Group selection often involves plausible models but require that interdeme (group) selection be strong. Would have to be very strong to overcome selection among individuals within populations. Other complicating factors: turnover rate of individuals is faster than of populations/groups; fixation of less fit allele is unstable to invasion by new mutant allele or “selfish” allele introduced by gene flow. New research on multilevel selection suggests that there should not be the necessary association between altruism and “sacrifice” or genetic “suicide”. Cooperation among individuals can actually result in higher group fitness without the assumed loss of individual fitness (see a meeting review in Science (9 August 1996) vol 273:739-740). D. S. Wilson makes the analogy between the optimal clutch size argument of D. Lack and the optimal group of Wynne-Edwards. With too many eggs in a clutch an individual may die trying to support them all, so some intermediate clutch size is “optimal”. Optimal groups may evolve intermediate density by the same trade-off mechanism.
A further problem for group selection: with localize population structure, there can be considerable inbreeding which increases relatedness (\(r\)). Thus inter “group” selection that gives the appearance of evolution of altruistic traits may be mediated by kin selection due to the high relatedness among individuals.
Later we will consider species selection. Some lineages have more species than others, but are these lineages more fit? Is this simply a pattern (more species) or is it really a different process? Is it simple like bacteria in chemostats: a higher birth/death ratio; some lineages seem to speciate faster than their members go extinct? Is this mediated at the level of the species, or can we explain it (as G. C. Williams might like) at the level of individuals within populations?
Richard Dawkins likes to couch this discussion in terms of replicators and vehicles. Replicators are any entities of which copies are made; selection will favor replicators with the highest replication rate. Vehicles are survival machines: organisms are vehicles for replicators and selection will favor vehicles that are better at propagating the replicators that reside within them. There is a hierarchy of both replicators and vehicles. The key issues are that 1) the “unit” of selection is one that is potentially immortal: organisms die, but their genes could be passed on indefinitely.

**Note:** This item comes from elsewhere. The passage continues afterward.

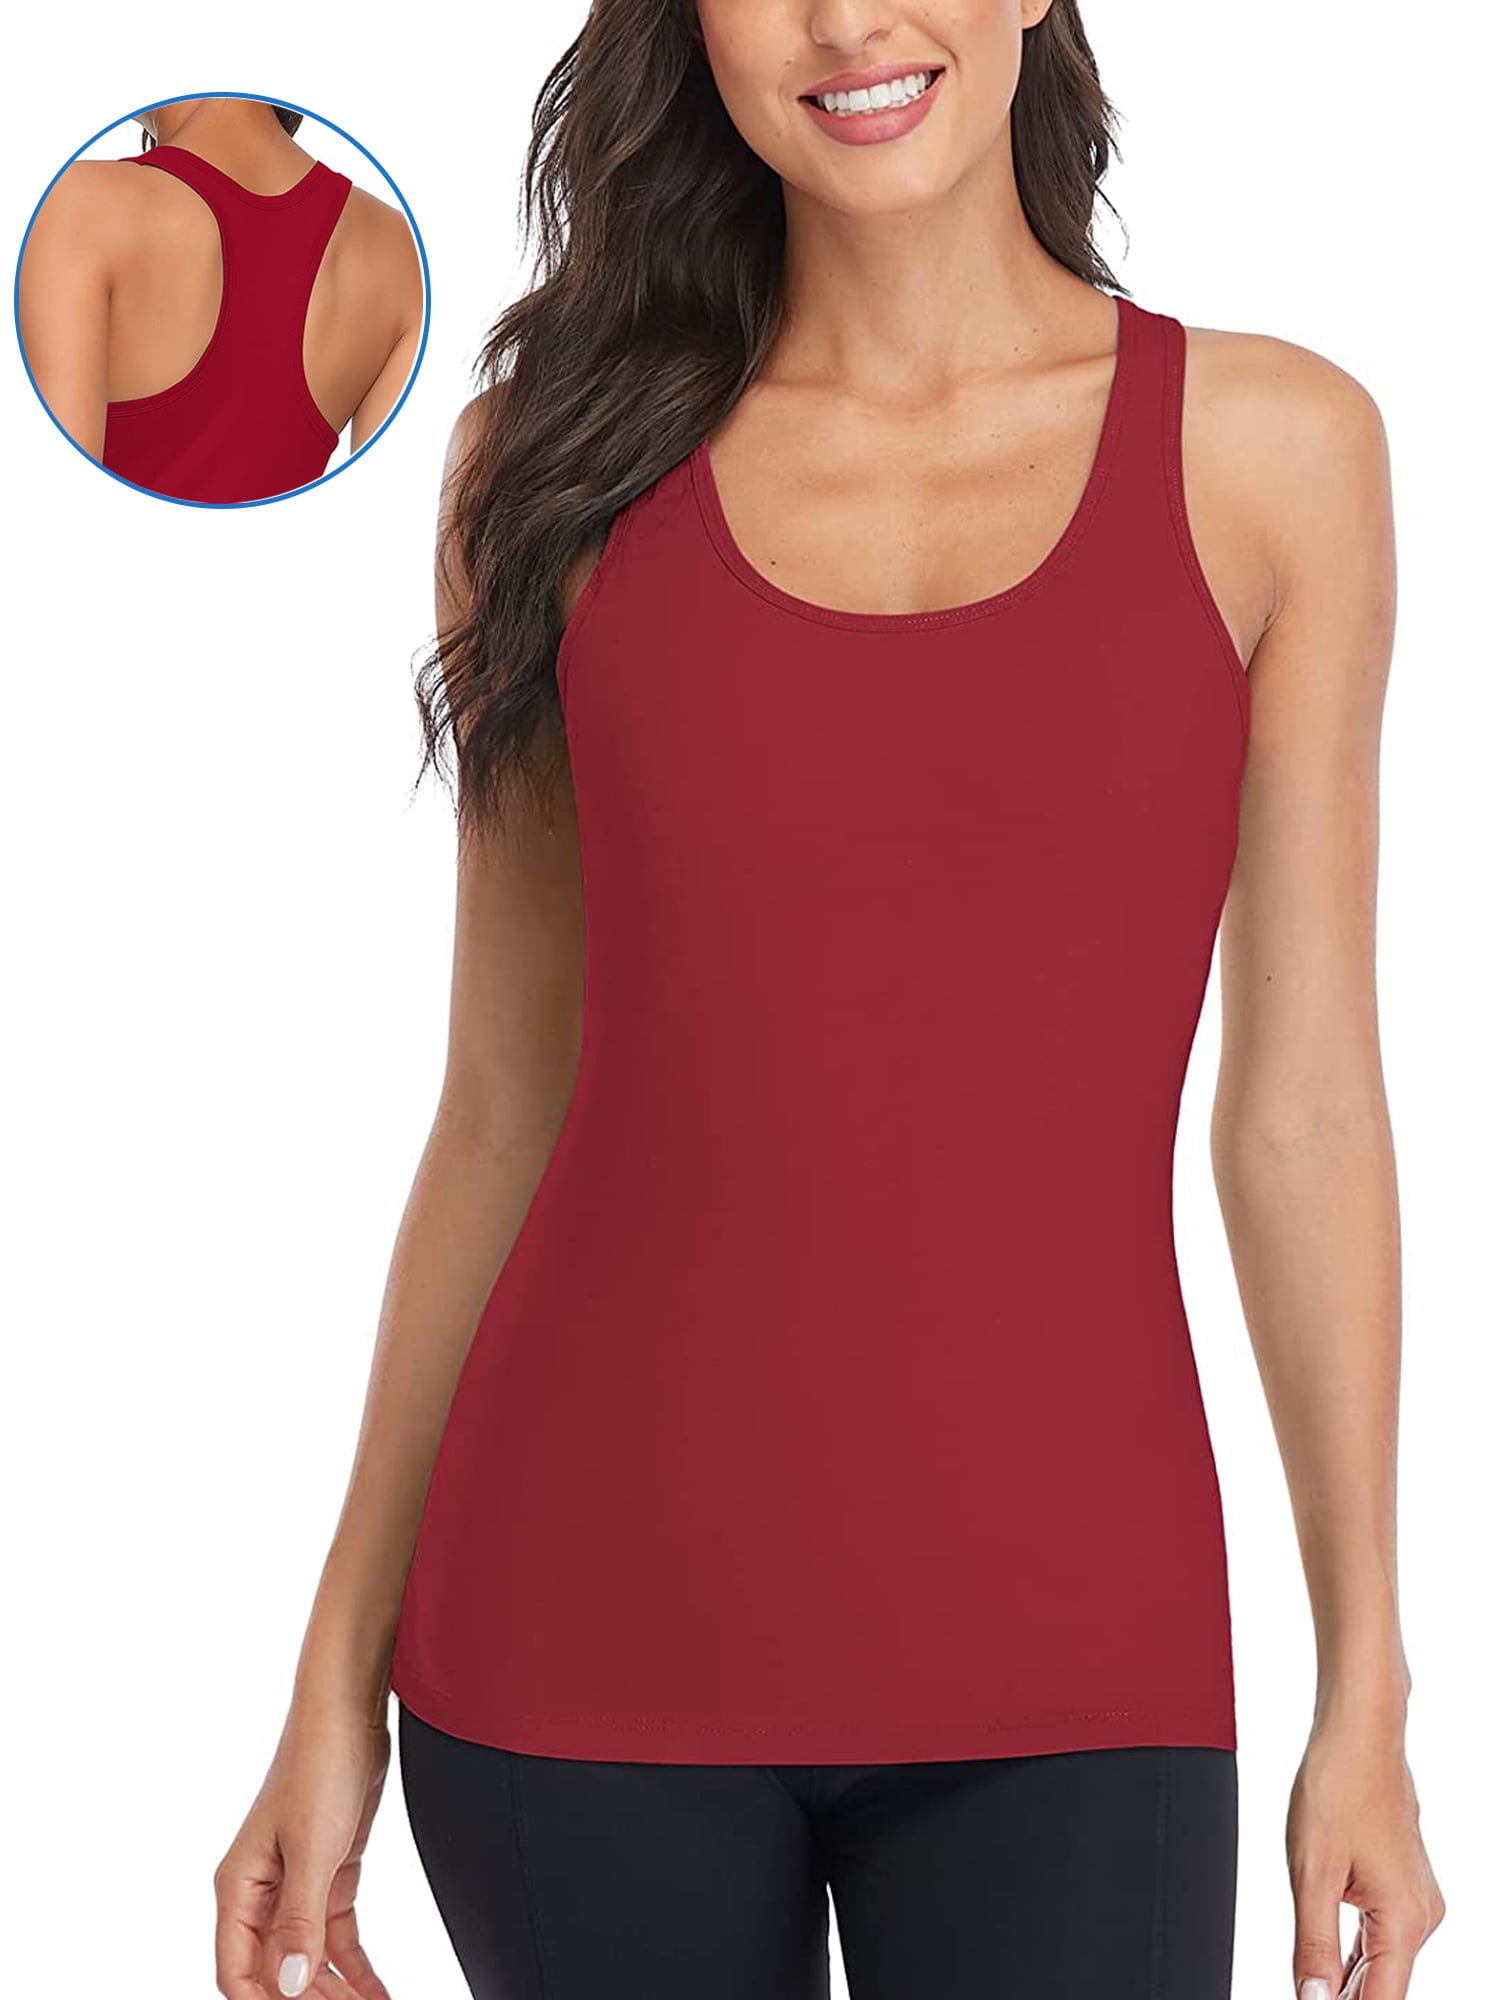 MNBCCXC Slim Fitteed Tops For Women Camisole For Women Flowing Tank Tops  For Women Tank Tops For Teens Same Day Delivery Items Prime Under 10 Prime  Deals Of The Day Today Only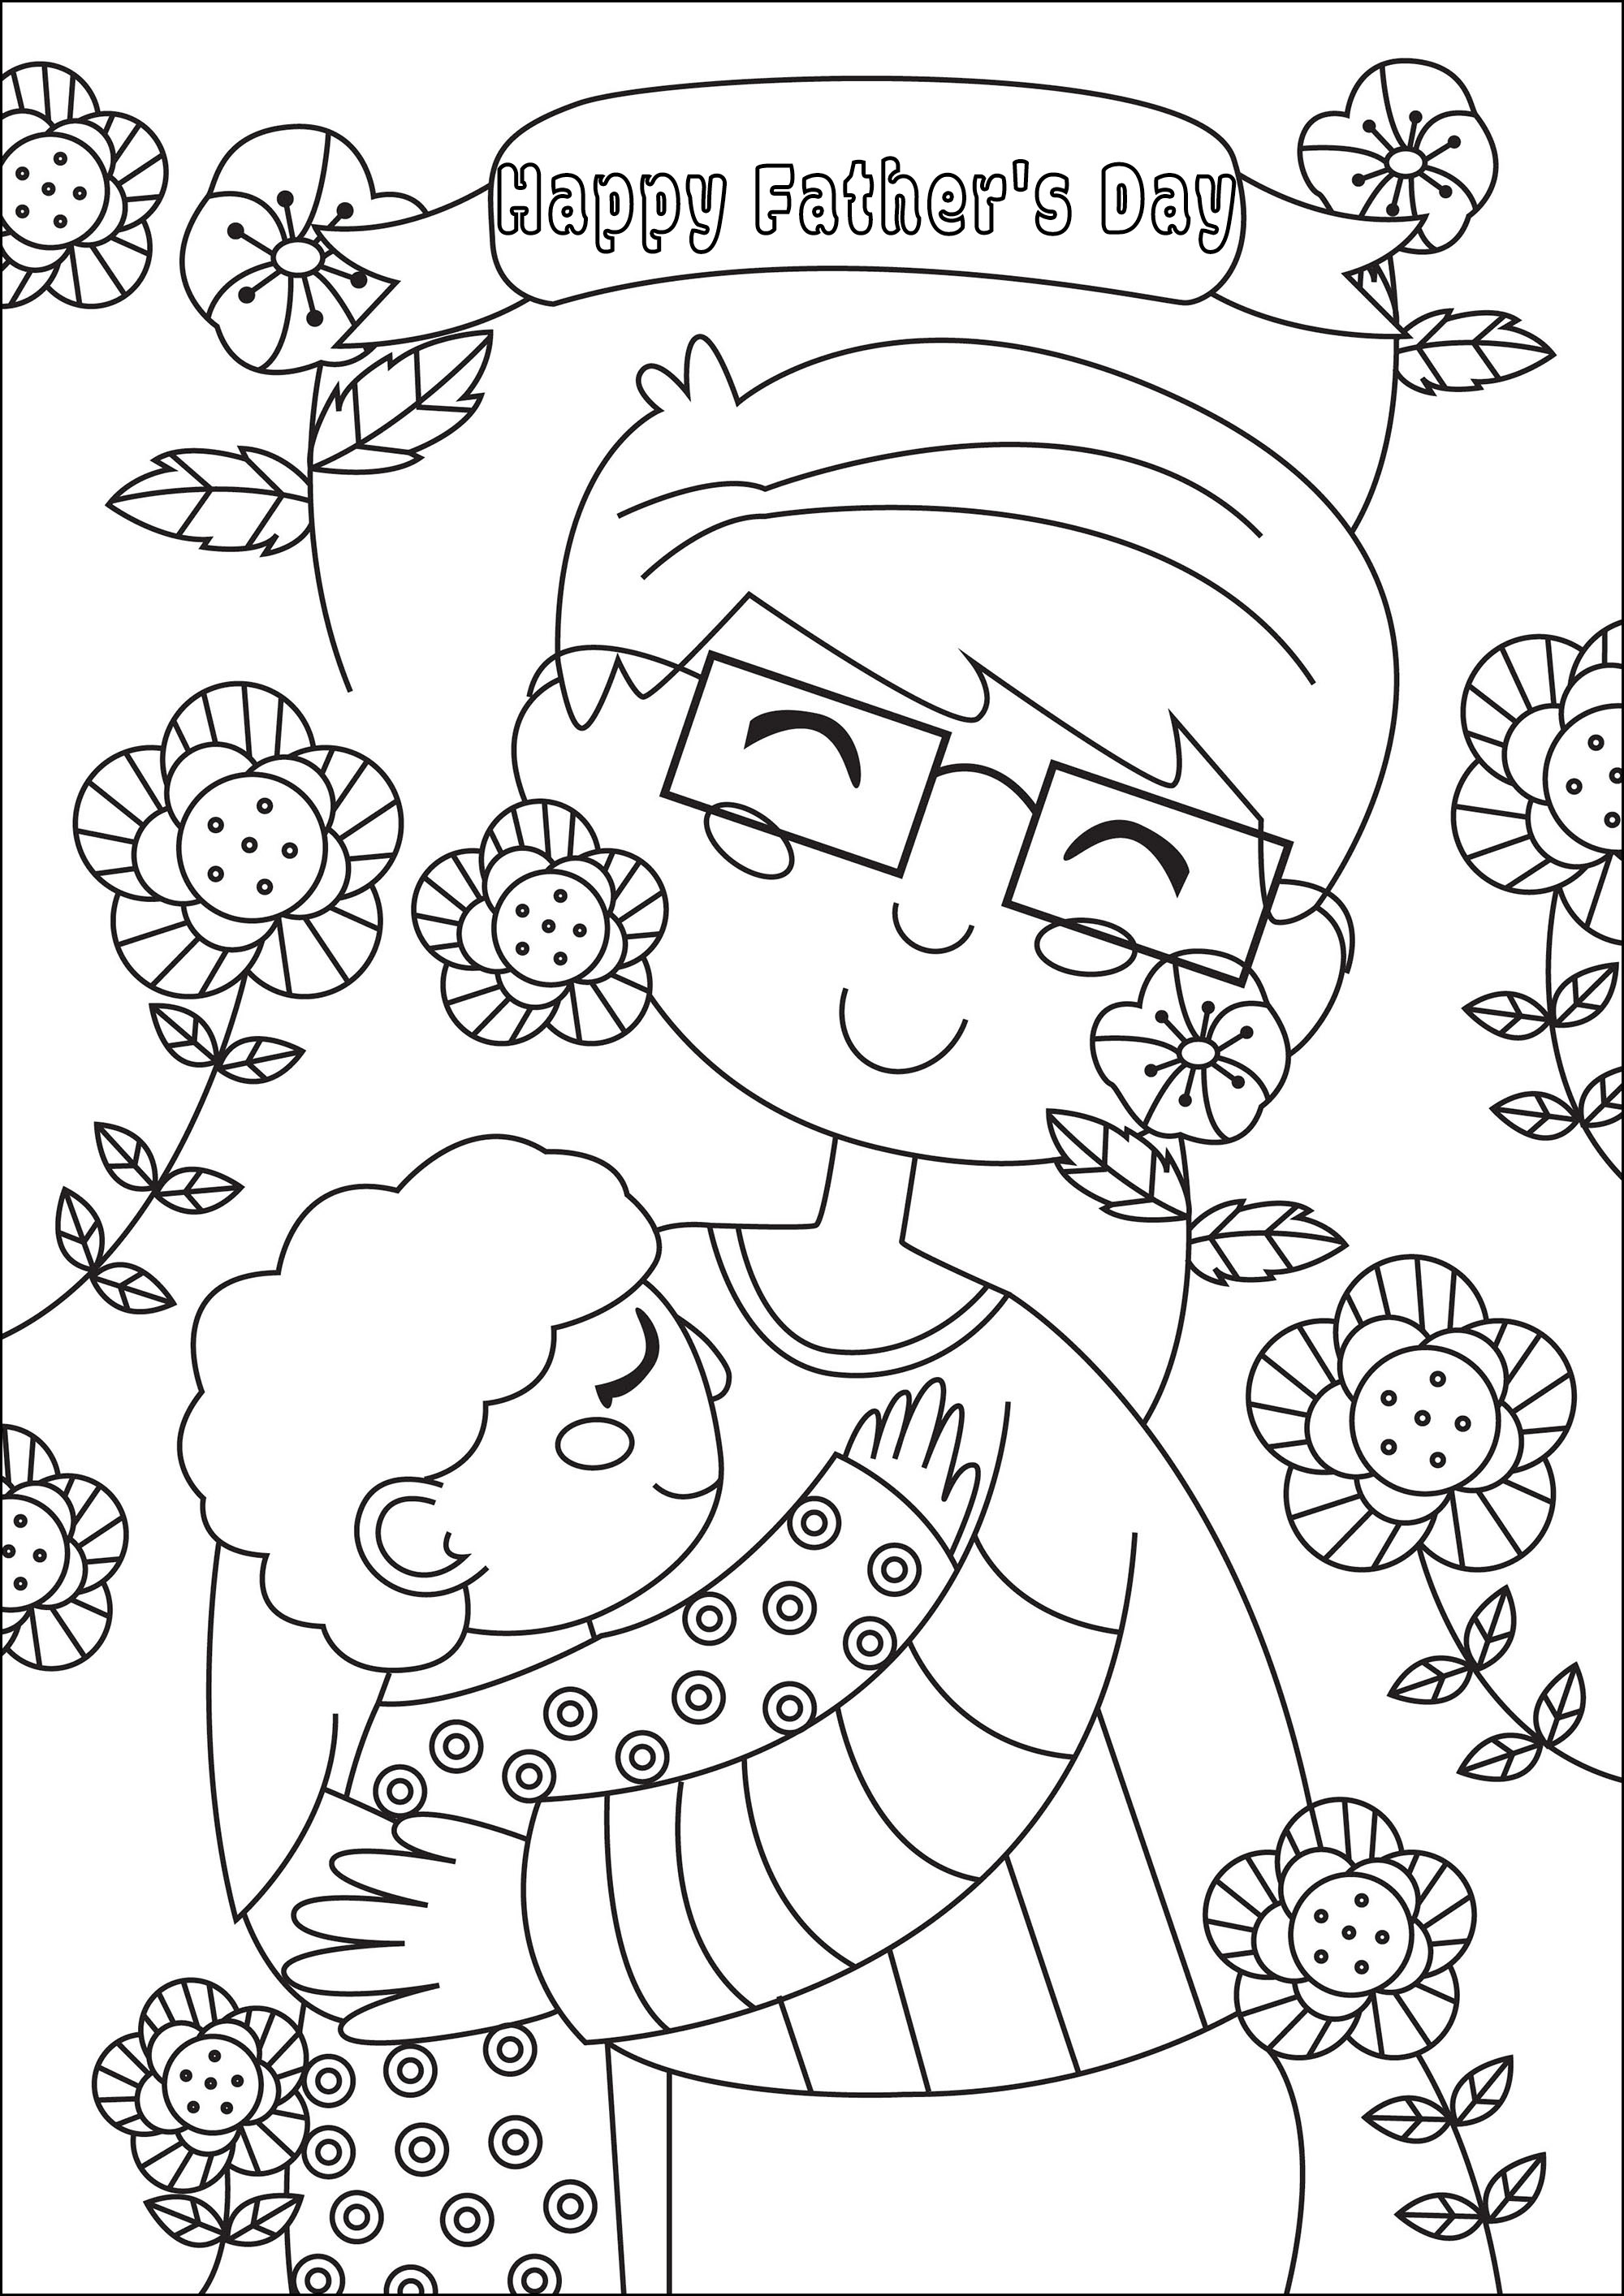 Coloring for Father's Day. A beautiful coloring page with a child embracing his beloved daddy, Artist : Gaelle Picard

The heritability of a gene is greater than that of a chromosome is \(>\) that of a cell \(>\) organism \(>\) and so on. But , because of linkage we should not think of individual genes as the units; it is the stretch of chromosome upon which selection can select, given certain rates of recombination. Issue 2) is that selection acts on phenotypes that are the product of the replicators, not on the replicators themselves, but the vehicles have lower heritability and immortality than replicators. What then is the unit of selection?? All of them, just of different strengths and effects at different levels.